A campanha de trânsito oferecida por órgãos públicos paulistas neste maio visou conscientizar sobre o fator humano, gerador principal de acidentes. Seu tema, Foca no Trânsito, buscou identidade social, a partir de memes de redes sociais (http://www.saopaulo.sp.gov.br/campanhas/foca-no-transito/).
O maior problema no trânsito brasileiro é mesmo de ordem humana. O número elevado e a considerável severidade dos acidentes que envolvem embriaguez ao volante e excesso de velocidade são suficientes para comprovar a assertiva. Terminado maio, o bordão ‘Foca no Trânsito’ está em 17,4 mil sites contra 500 mil de ‘vamos tomar todas’ ou 3,3 milhões de ‘rachas’. Equivale a 3,5% e 0,5%, respectivamente. Infelizmente, ainda estamos longe do comportamento responsável na direção.

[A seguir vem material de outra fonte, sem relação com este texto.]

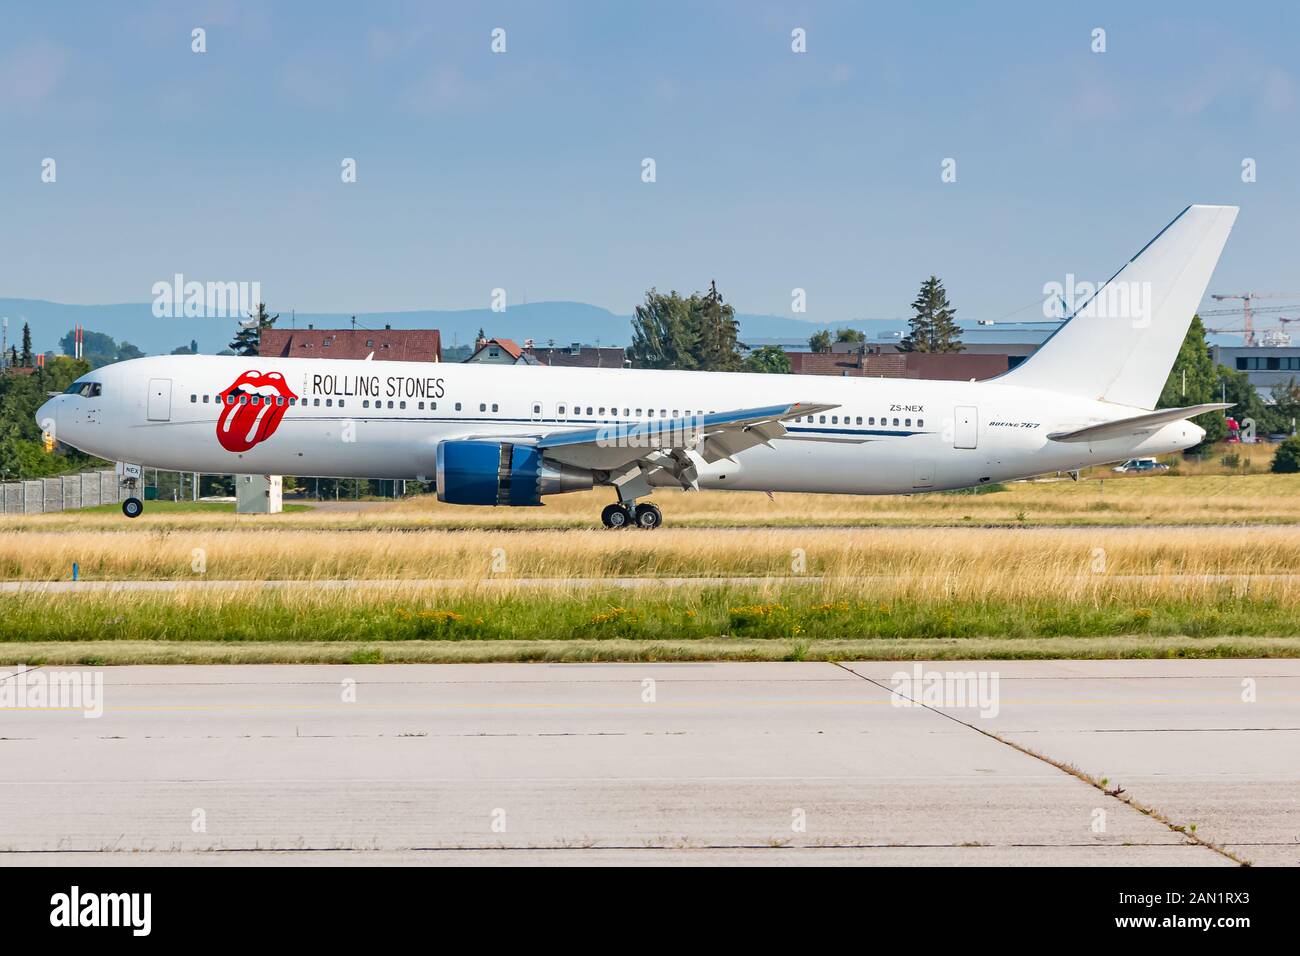 Stuttgart, Allemagne - le 16 décembre 2018 : Rollings Stones Boeing 767 avion à l'aéroport de Stuttgart (STR) en Allemagne. Boeing est un constructeur de l'avion Banque D'Images

Vivemos em sociedade onde o motorista que ultrapassa em faixa amarela dupla contínua, em uma avenida sem visibilidade, é simplesmente aceito. Contudo, um motorista na exata velocidade permitida e que, aparentemente, segura o tráfego em trecho sem radar, é objeto da vaia de buzinas, de aceleradas de gigantescos veículos quase encostados em seus para-choques ou de lampejos de faróis de irritados motoristas.
A campanha teve seu ‘foco’ justificado por trocadilho com um simpático animal. Foca, designação comum a mamíferos focídeos, simpáticos animais que nutrem filhotes, enquanto irresponsáveis motoristas tiram vidas de crianças, em acidentes gerados pela pressa de chegar à casa ao fim do dia, tendo-as no colo em vez de cintos de segurança. Ao molhar o jardim de minha casa, passava carro com criança no colo do motorista, e este, sem cinto. Tive tempo de gritar alguma palavra de ordem. Em segundos, ouvi palavrões do motorista. Minha mulher, ao meu lado, levantou as sobrancelhas, num claro gesto de resignação.
Focas, uma vez na terra, empurram seus corpos sobre o solo, segundo movimento com suas patas no formato de flippers, garantido baixa velocidade, justamente o que se deseja no trânsito. A velocidade reduzida minimiza a gravidade dos acidentes. Salva vidas. Carros? Compramos outros, dizem conscientes motoristas.
Focas-machos se atraem na fase de reprodução. Evidências de maior produção de hormônios se associam à tensão e à agressão entre estes para chamar a atenção de determinadas fêmeas (http://www.seals-world.com/seal-reproduction/). Segundo a CET (http://www.cetsp.com.br/media/56546/btcetsp42.pdf), 50% dos ocupantes mortos têm entre 20 e 29 anos. A Lei Seca se inspira em trágicos acidentes com jovens embriagados. Rachas se marcam com profusão de jovens de ambos os sexos. Parece que o comportamento os aproxima de machos-focas. E não faltam hormônios. Quanto à forma do olhar, a campanha merece destaque. Focas, como seres humanos, têm seus olhos próximos. Animais caçadores com esta compleição física mais bem se concentram na presa. A perspectiva gerada pelo cruzamento das imagens no cérebro informa a distância. Os olhos laterais das galinhas permitem maior visão de campo na defesa contra predadores.
A teoria evolutiva, segundo Kark Changizi (http://hypescience.com/por-que-alguns-animais-tem-os-olhos-na-frente-e-outros-do-lado-da-cara), chama visão de Raios X a dos primatas. Quando se observa um ponto distante e se interpõe um dedo à frente dos olhos, este fica com imagem dupla e não tira a visão do ponto de foco, tal como se pudesse olhar através do dedo. Primatas, sob esta hipótese, pulam de galho em galho, sem errar, mesmo com outros galhos à frente.
Motoristas focam pontos à frente do veículo. A audição auxilia a informar sobre o campo lateral. Distraídos com o painel, ou focados em celular, estão próximos de acidentes. Se também ouvem música alta ou usam proibidos fones, há iminência da maior tristeza de pais. Solução? Educação.
Creso Peixoto é mestre em transportes e professor da FEI.